There's a variety of endpoints in stage 5 that are possible so some students may achieve all of stage 5.2 outcomes and some of stage 5.3 by the end of year 10 while other students may complete all of 5.2 and all of 5.3. Just keep in mind when you're planning the kids' learning experiences, consider the stage 6 pathways of studies, what they're intended to do and how many outcomes you need to access in terms to prepare students for their stage 6 pathways.

Okay. Numbers of any magnitude, the first bit. There's quite a bit of new content in here. In stage 5.1 the outcome interprets very small and very large units of measurement. It uses scientific notation and rounds to significant figures. In this case, rounding, approximation, level of accuracy, significant figures is very similar to what you've already done. Truncating or rounding during calculations has on the accuracy of results is another thing you need to investigate. Interpret the meaning of common prefixes such as milli, centi, and kilo. The new bit is in the last two dot points. Interpret the meaning of prefixes for very small and very large units measurement such as nano, micro, mega, giga, and tera. Record measurements of digital information using correct abbreviations, example kilobytes. As you can see, this content now is great in terms of continuum of learning when we go to stage 6 and enter into general mathematics and you can see there's a lead way into there.

Numbers of any magnitude, what are we talking about here? When we're investigating very small or very large numbers, we're looking at rounding, approximation, levels of accuracy, significant figures, interpreting meaning of prefixes like we always have, but we're adding a few more now, nano, micro, giga, and tera. Record measurements of digital information using a abbreviations, example kilobytes. You can have different notations for kilobytes. As you can see listed here, 40kB or 40K or 40k with a small k, or 40KB with two capitals, all mean the same measurement. Investigating the use of the abbreviations and different notations is quite important here.

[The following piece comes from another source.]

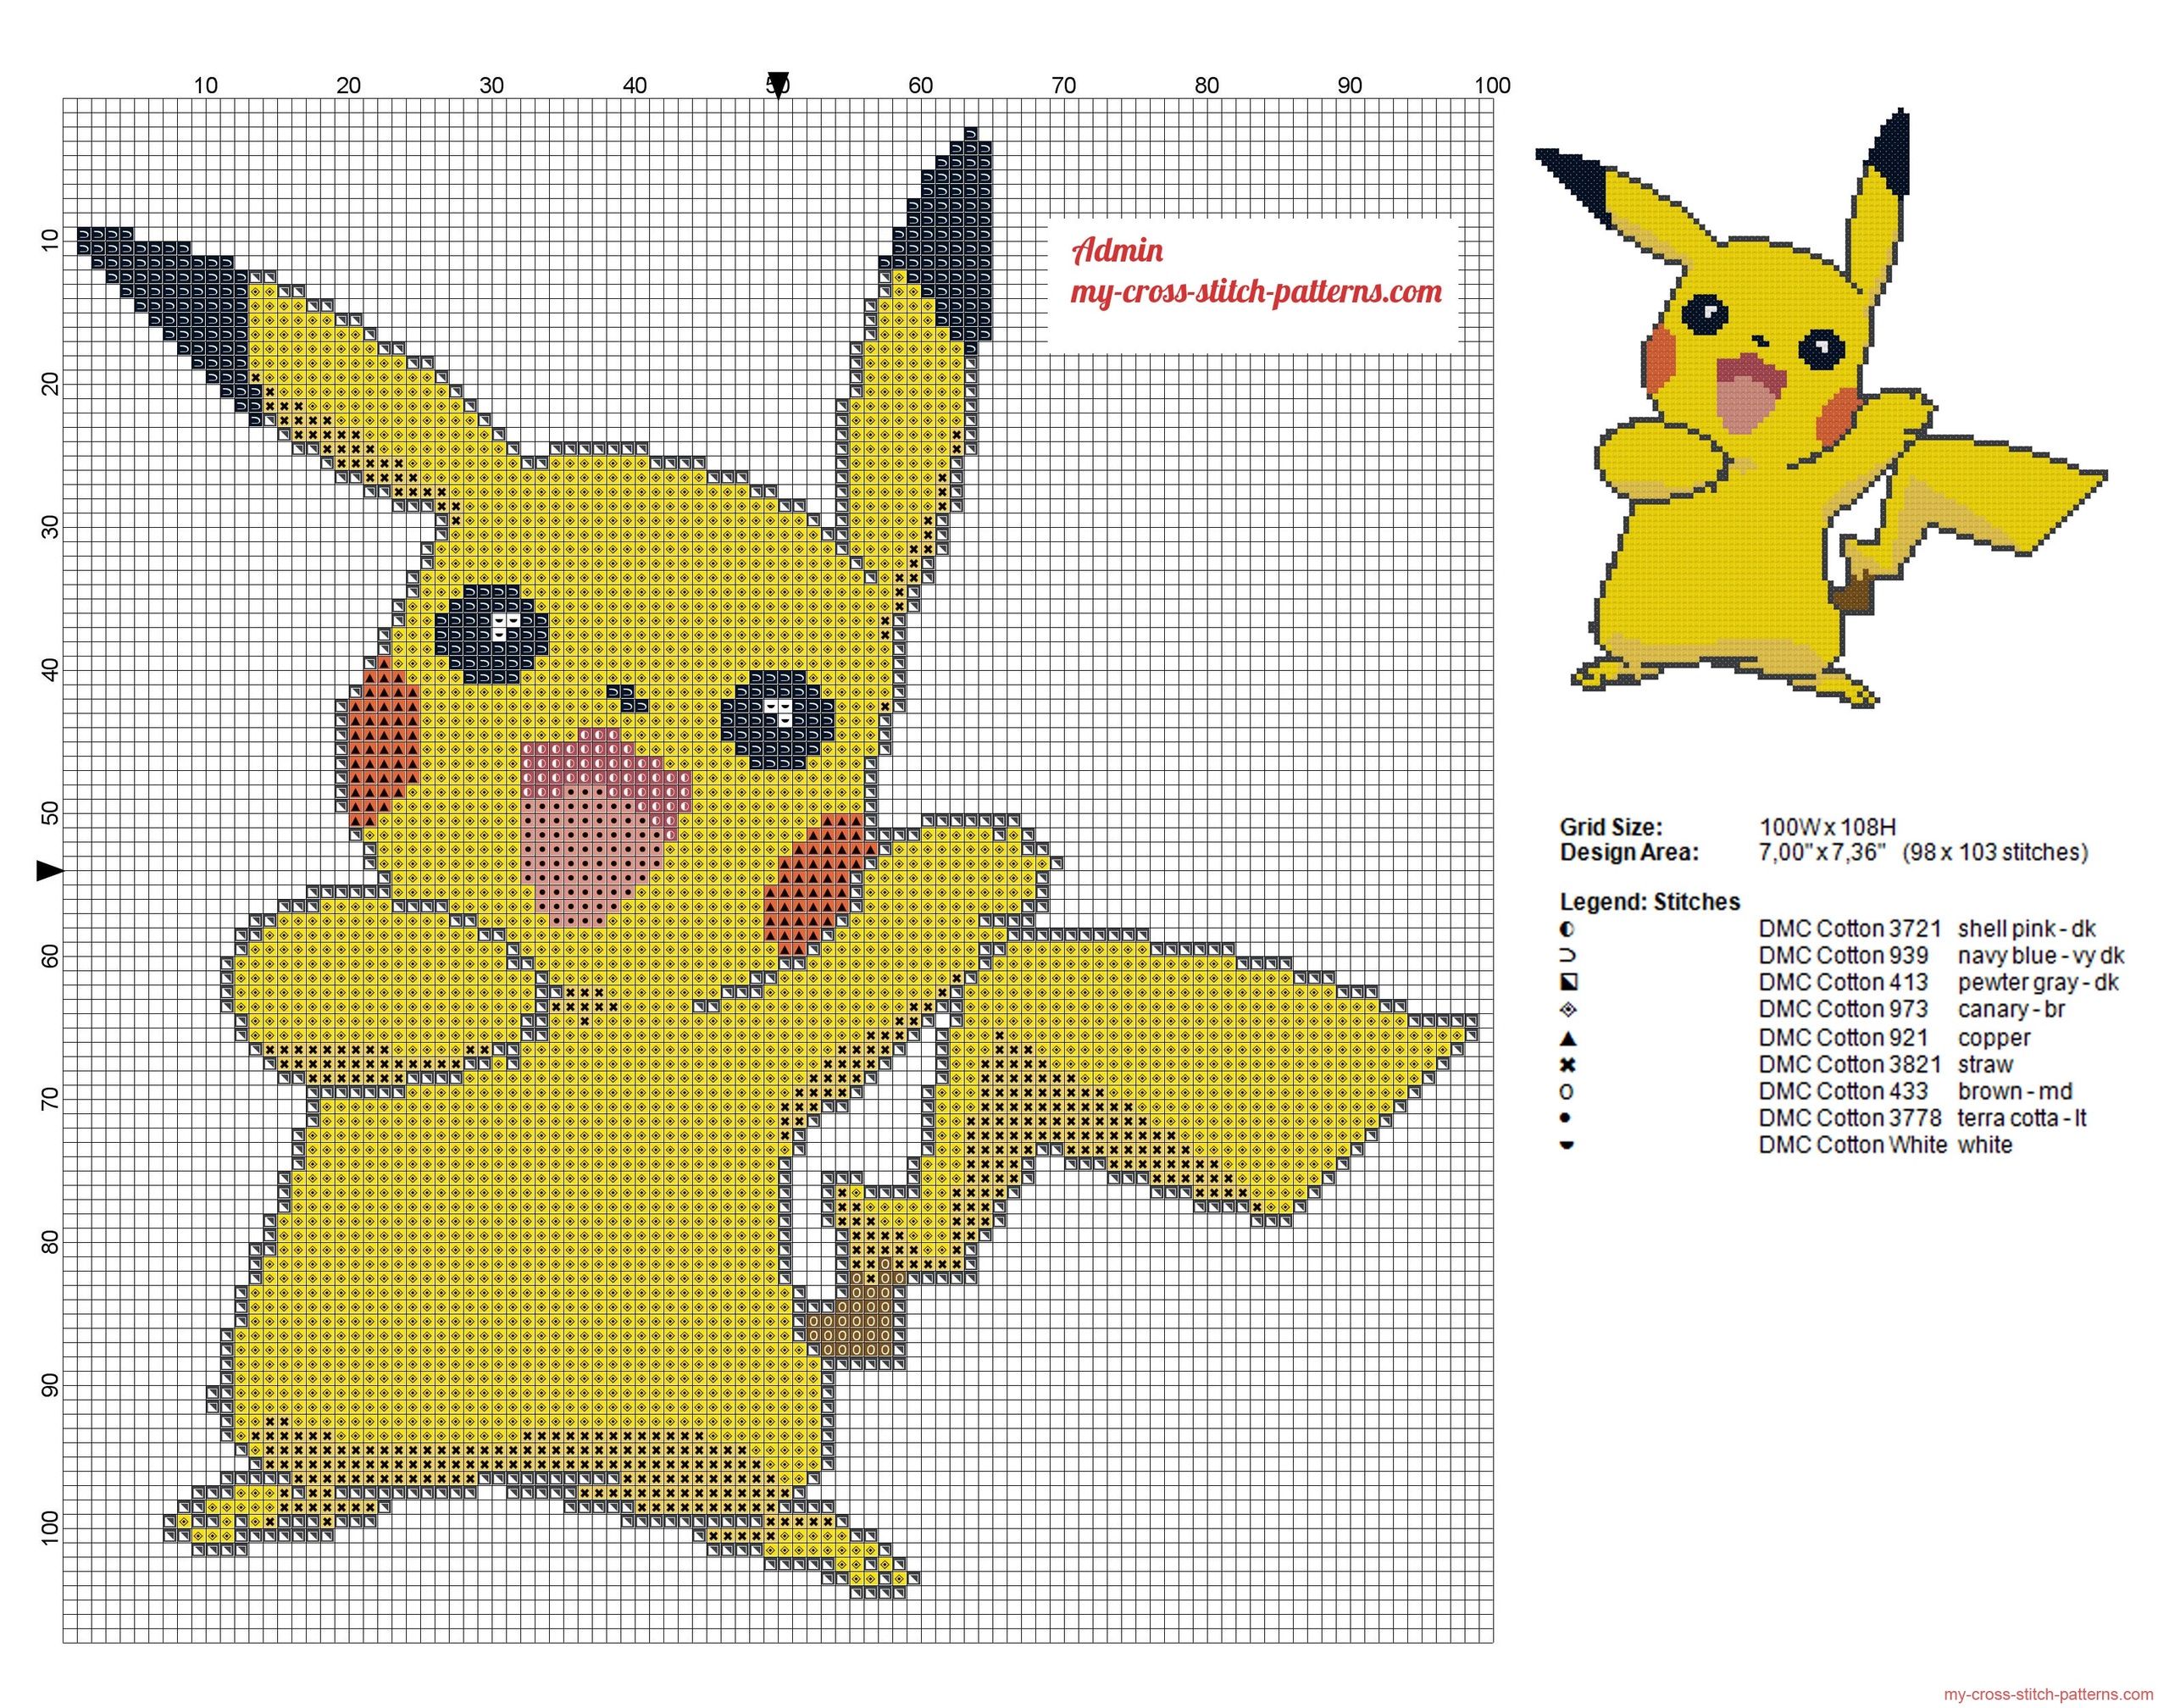 smiling_pikachu_pokemon_cross_stitch_pattern

The next new bit, converting between units of digital measurement. Converting between gigabytes and terabytes, converting between megabytes and kilobytes are all new information and new content we need to teach in stage 5. Describing limits of accuracy of measurement using instruments so +/- 0.5 units of measurement for your level of accuracy. Explain why measurements are never exact. Recognising the importance of significant figures. Terms of expressing numbers in scientific notation. Recognise the need for scientific notation for certain numbers. Explain the difference between 2 to the power of 4 and 2 times 10 to the power of 4. Students often get mixed up with this. Use index laws, order numbers, and solve problems.

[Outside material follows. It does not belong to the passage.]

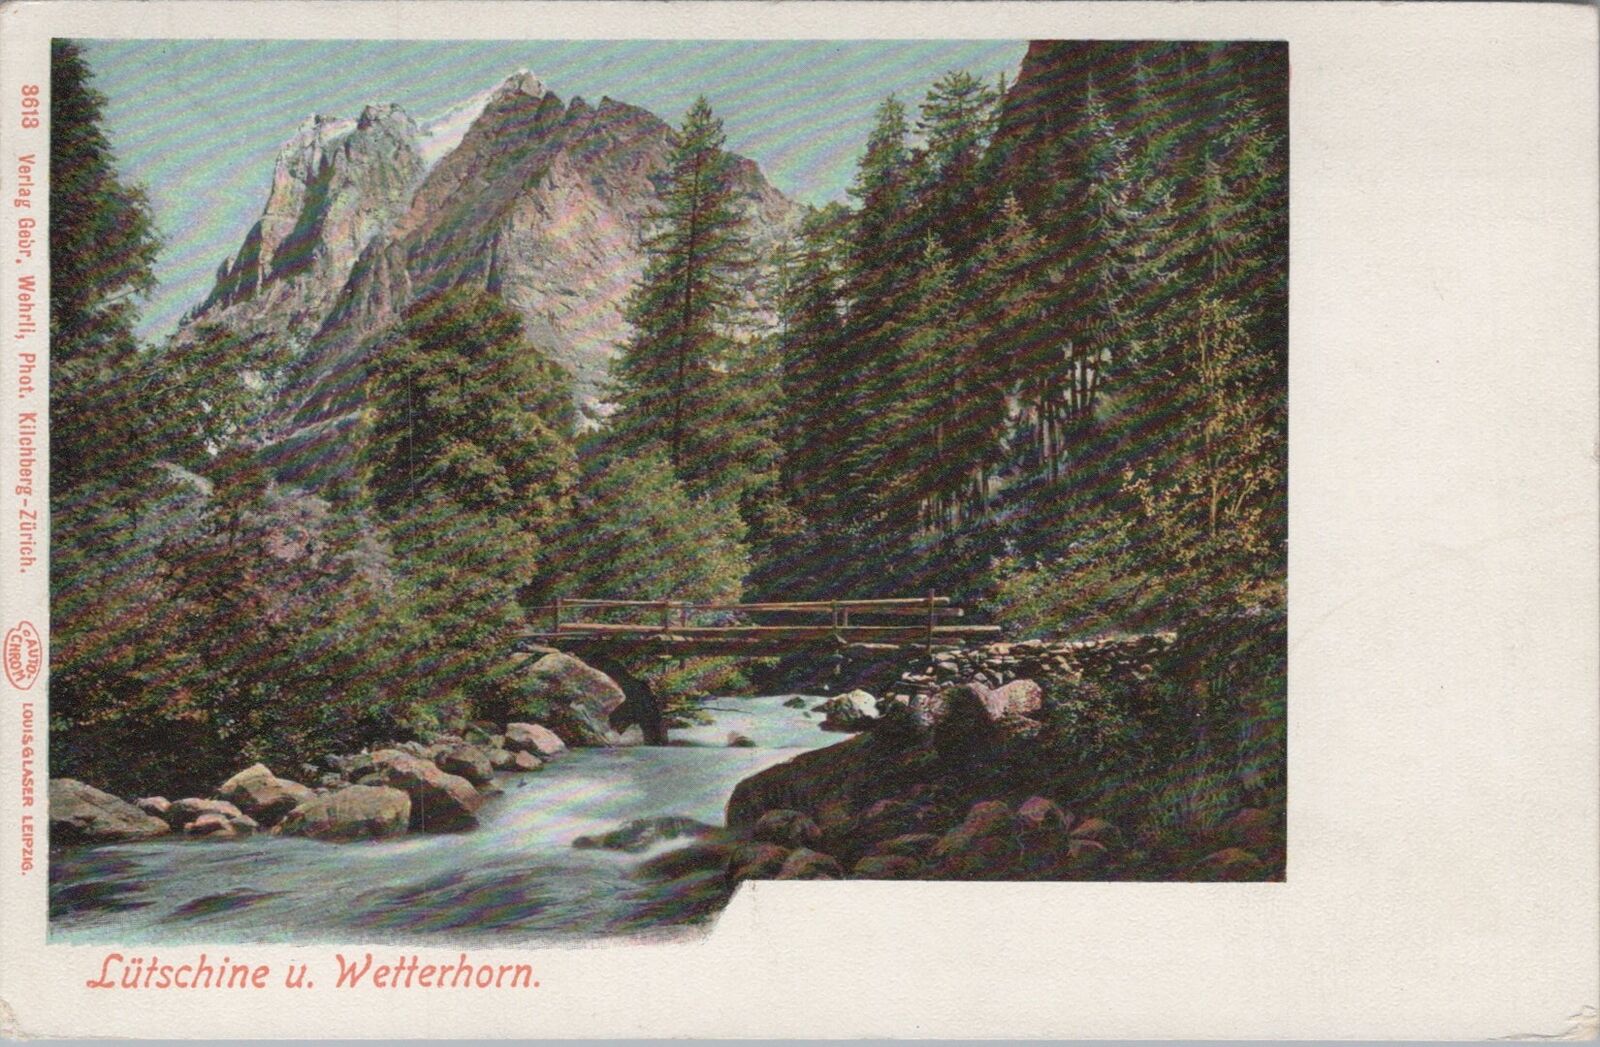 Lütschine and Wetterhorn View, Zurich, Switzerland Vintage Postcard

We're looking at the new prefixes now. You've got pico, nano, micro, milli, kilo, mega, giga, tera. These are their values as you can see in the table above. You'll need to go through this with the students, explain it, make sure they understand it. One of the more sort of engaging tasks is actually to get kids to go out and research on the internet and find where these prefixes are used and for what purpose.

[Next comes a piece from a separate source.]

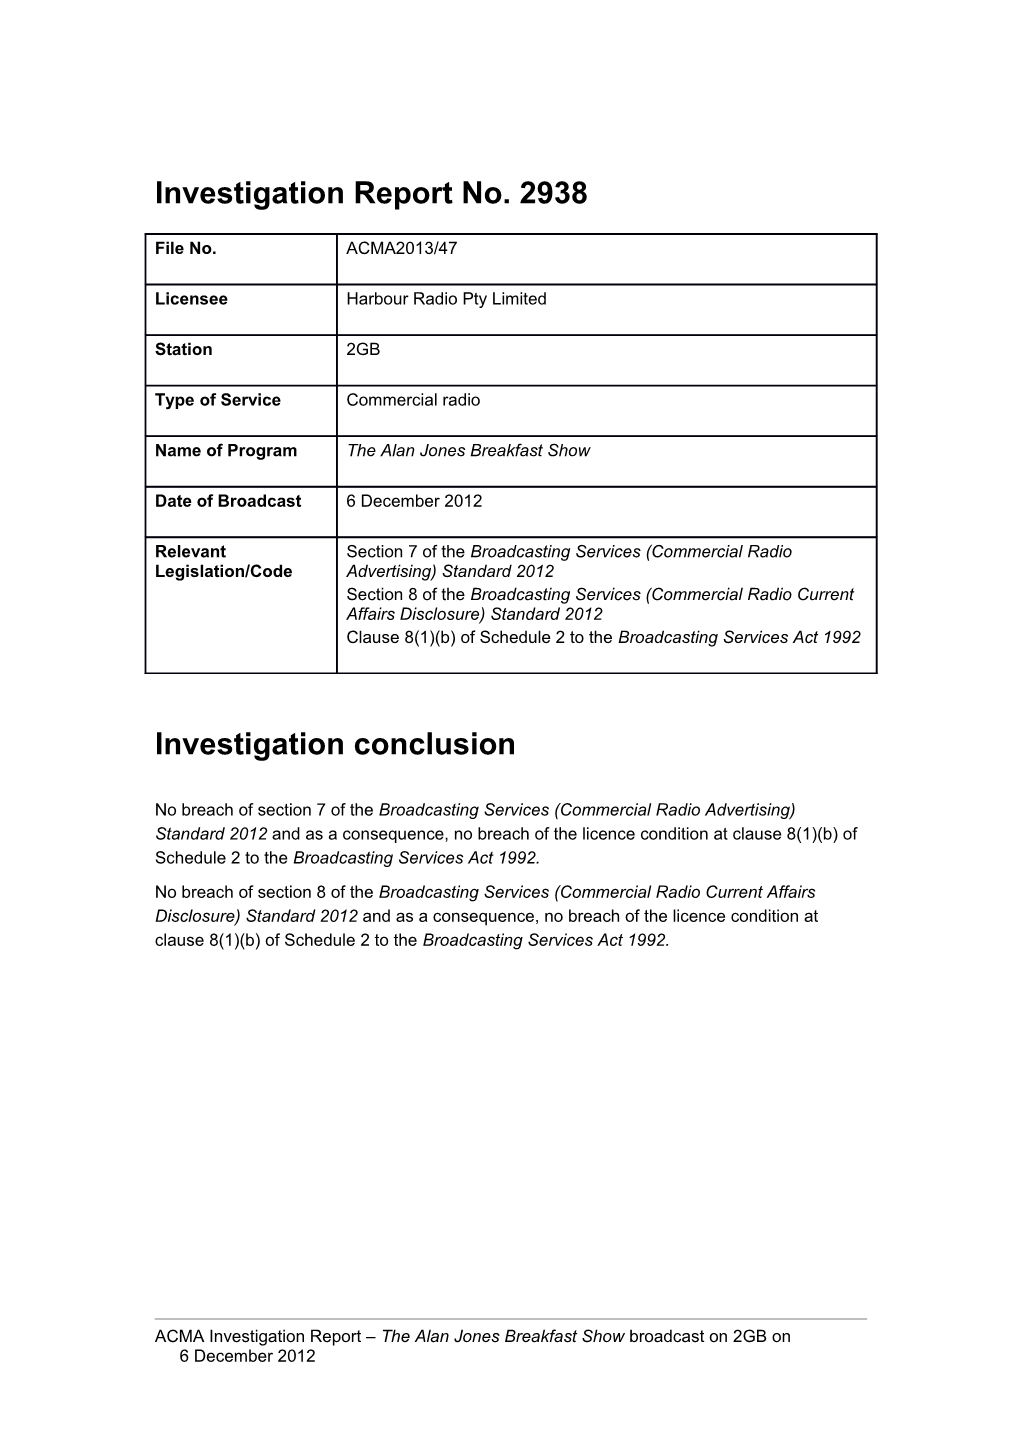 2GB - ACMA Investigation Report 2938

Multiples of bytes. We've got kilobyte, megabyte, gigabyte, terabyte. Now, our syllabus goes up to terabyte. If you wish to extend the kids further, you can go into the blue rows, but basically, for the Australian curriculum, [inaudible 00:06:15], we go up to terabyte in terms of multiples of byte. The value is there and it's always interesting to understand the binary value as well.

When you're getting kids to actually research these tasks and have a look at the prefixes and where they're used, it's great for them to understand what the prefixes mean to us. One of the greatest applications is actually with some of the Apple iPods that are on sale at the moment in the stores and kids are very familiar with them. The iPod Nano has 16 GB, which is 16 billion bytes. The iPod shuffle, 2 GB, which is 2 billion bytes, iPod classic, 160 GB, iPod Touch comes in 32 GB and 64 GB. Kids can even look at their phones, look at the capacity of storage on their phones, and talk about that and have discussions. It's quite an interesting topic for students and I think they'll relate greatly with that, even if they're just looking at their USB and how much their USB holds. That would be a really great example as well. You've got a few things you can look at here.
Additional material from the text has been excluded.